Day after day, the answers to our inquiries seemed always to be the same: "Sorry, nothing today; come back next week, if you wish." The two routine questions asked by nearly all those I talked to were: "What's your name" and "What have you done on stage?" By "name" they really meant how and by whom are you known in the theatrical profession? and by "what" it soon became clear they were interested only in what you had done on Broadway -- or at the least, "off Broadway." When I first responded to these questions by identifying the roles I had played in college and community theatre productions "back in Kentucky," I was met with laughter, disparaging remarks, or just cruel silence, accompanied by condescending raised eyebrows. "You must have professional experience before we can even consider you," several had said. But when I asked how I was to get professional experience if no one would give me a chance to begin, one of them said rudely, "That's your problem ...next applicant step up to the desk."

Carol had heard on good authority that if I really wanted a job as an actor, I would first have to join Actors Equity. So I had sent in an application for membership in that organization several days earlier, even though I was told by others who seemed to know that new applicants were being definitely discouraged from pursuing the matter or rejected outright, because of the scarcity of acting jobs in the summer of 1933. This kind of action was understandable, since many well-known and experienced actors and actresses were without employment. Still I kept at it --sometimes with Carol, quite often alone -- walking, making telephone calls, visiting offices, and asking again and again and again. Some of the office receptionists began to call me by name when I would come in the door, "Sorry, Mr. Travelstead, you made the trip today -- nothing yet."

After a week of these unfavorable and discouraging results, I was beginning to wonder if I would ever get a break.
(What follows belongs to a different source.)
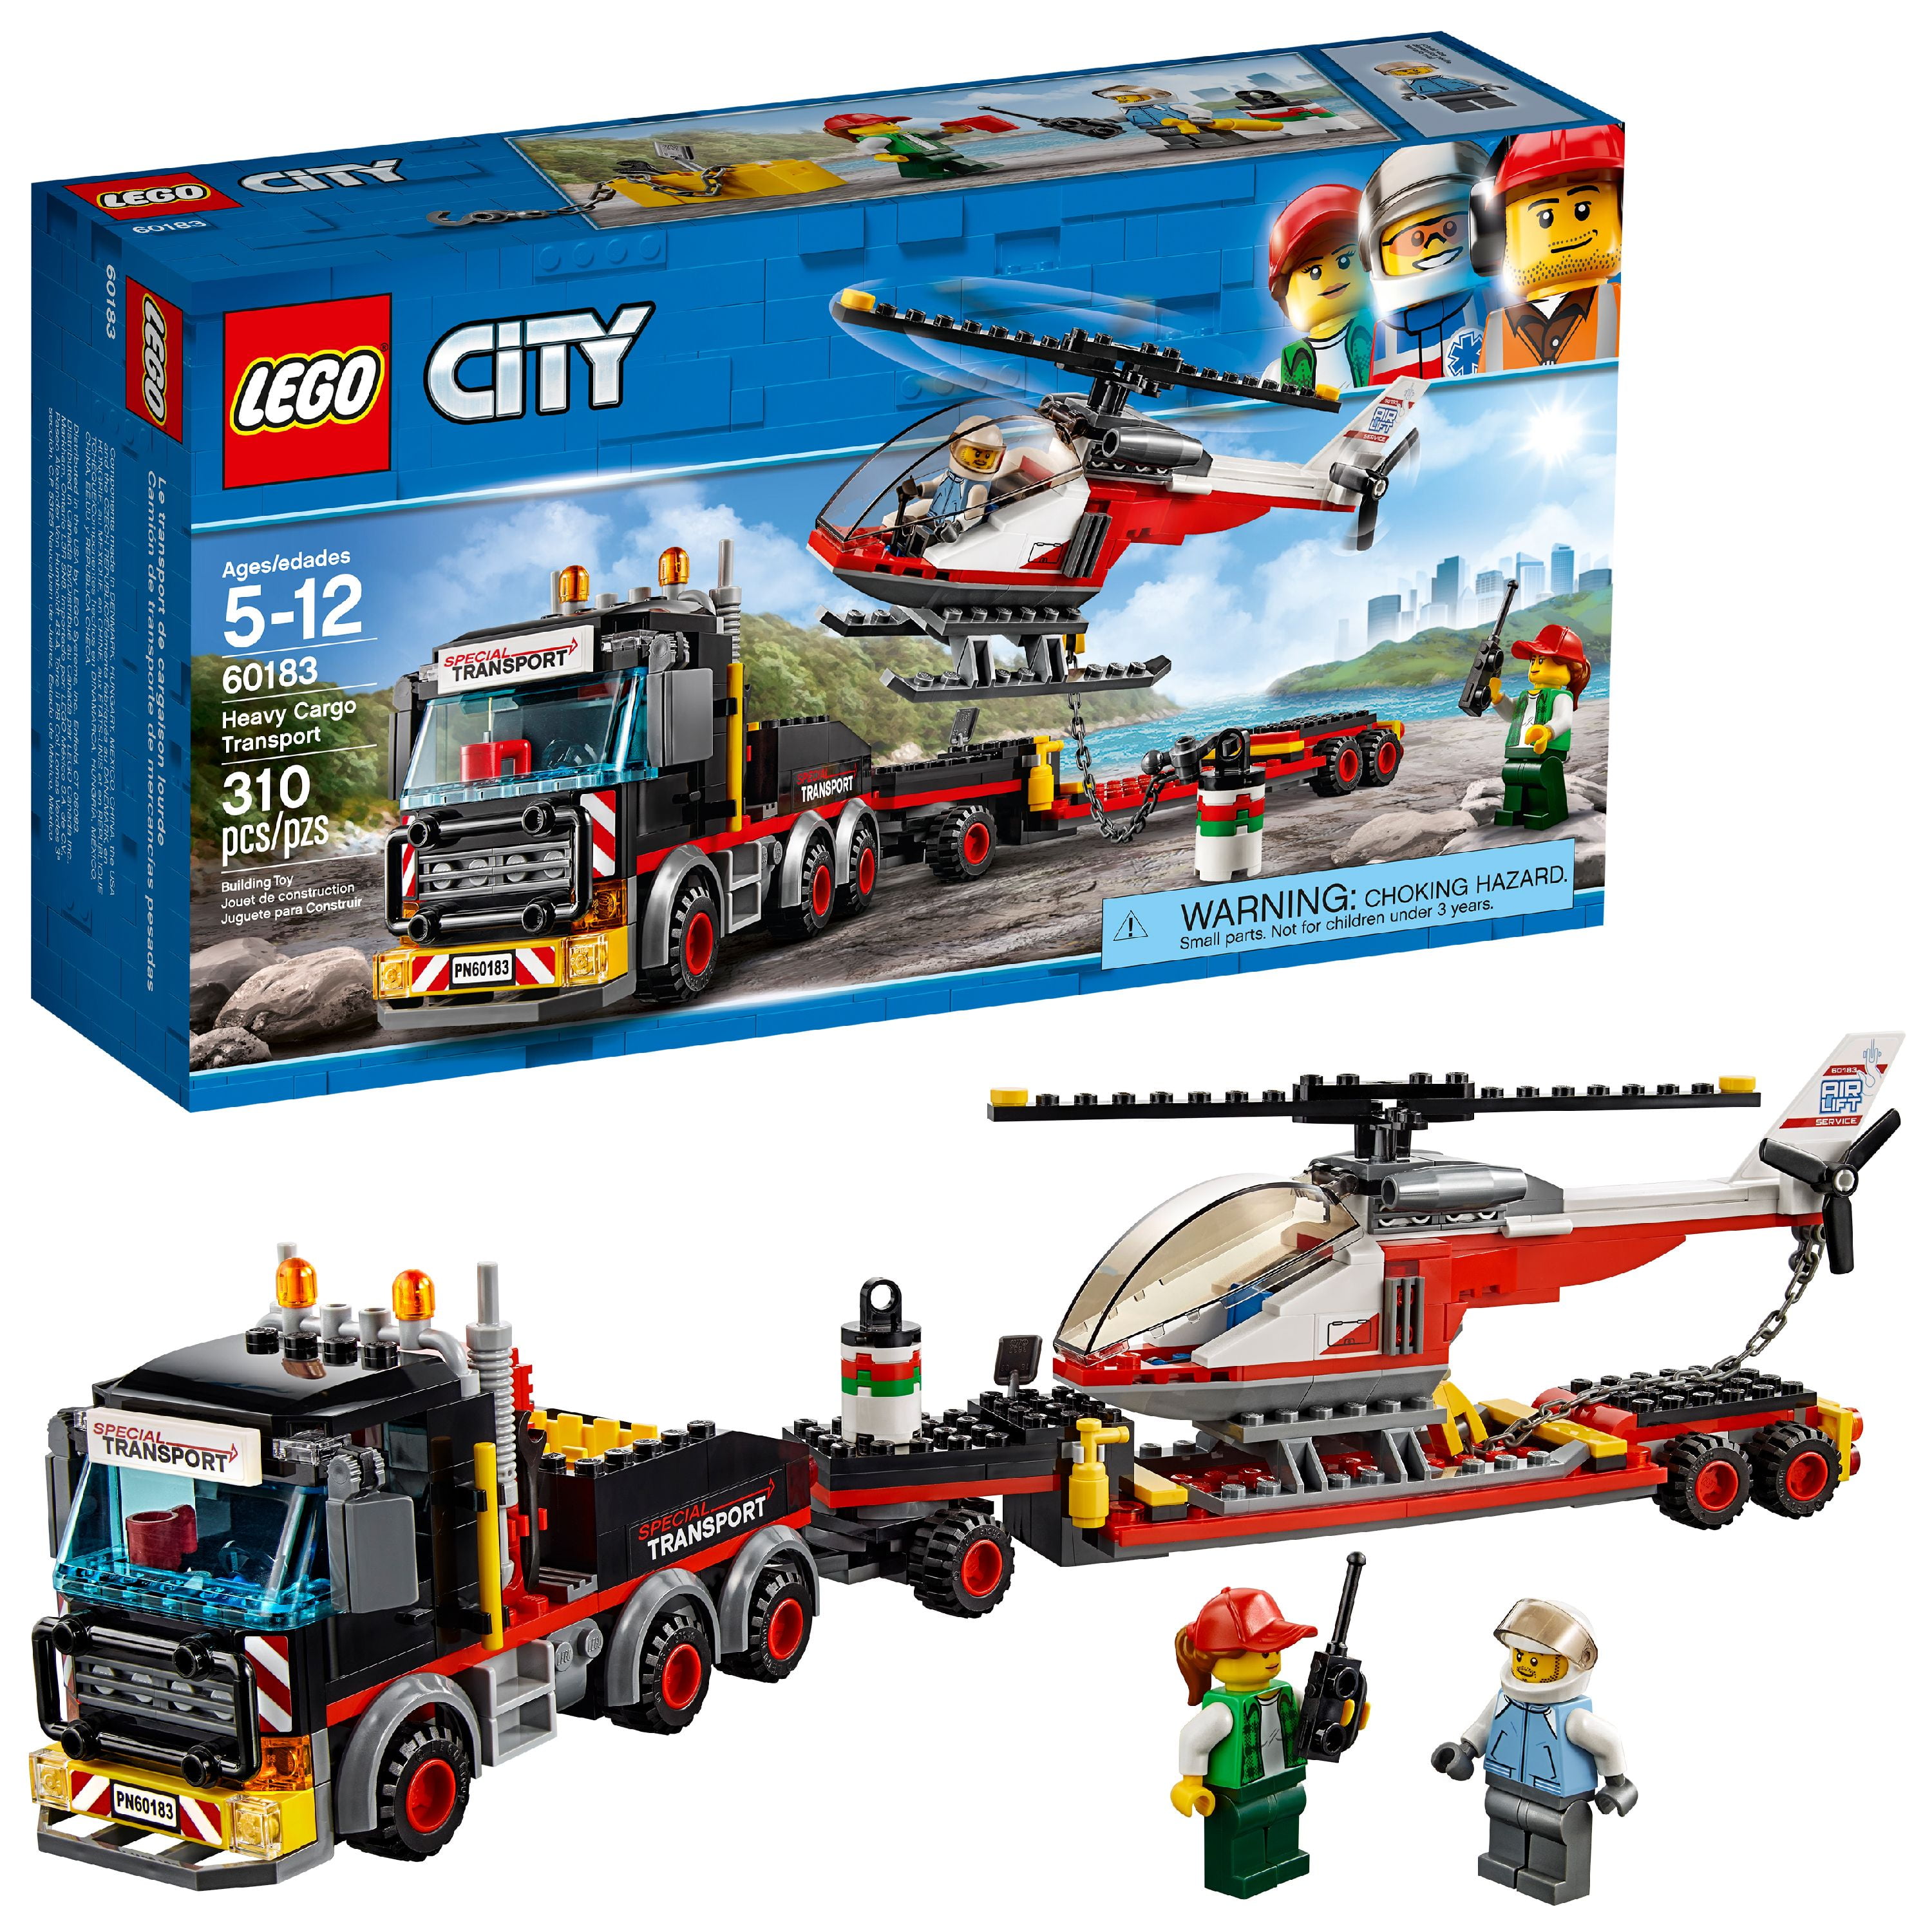 City Heavy Cargo Transport 60183 Toy Truck Building Kit

If it had not been for Carol's affection and support and our evening activities of dining and dancing together, I probably would have purchased a bus ticket back to Bowling Green and missed out on what I am now calling the drama on Central Park South.

Late one afternoon --perhaps my ninth day in New York -- I decided to take an altogether different approach. Since daytime visits to business offices had not been successful, I would now make an effort to find some producer or director at home in the evening -- hopefully after he had downed his second martini. What brashness! As I look back on what happened that evening, I shudder to think I could have been so presumptuous. But then when I recall that I was only twenty-one and without employment at the time, my actions do not seem so reprehensible. I must have concluded on that day in June of 1933 I had nothing to lose by trying.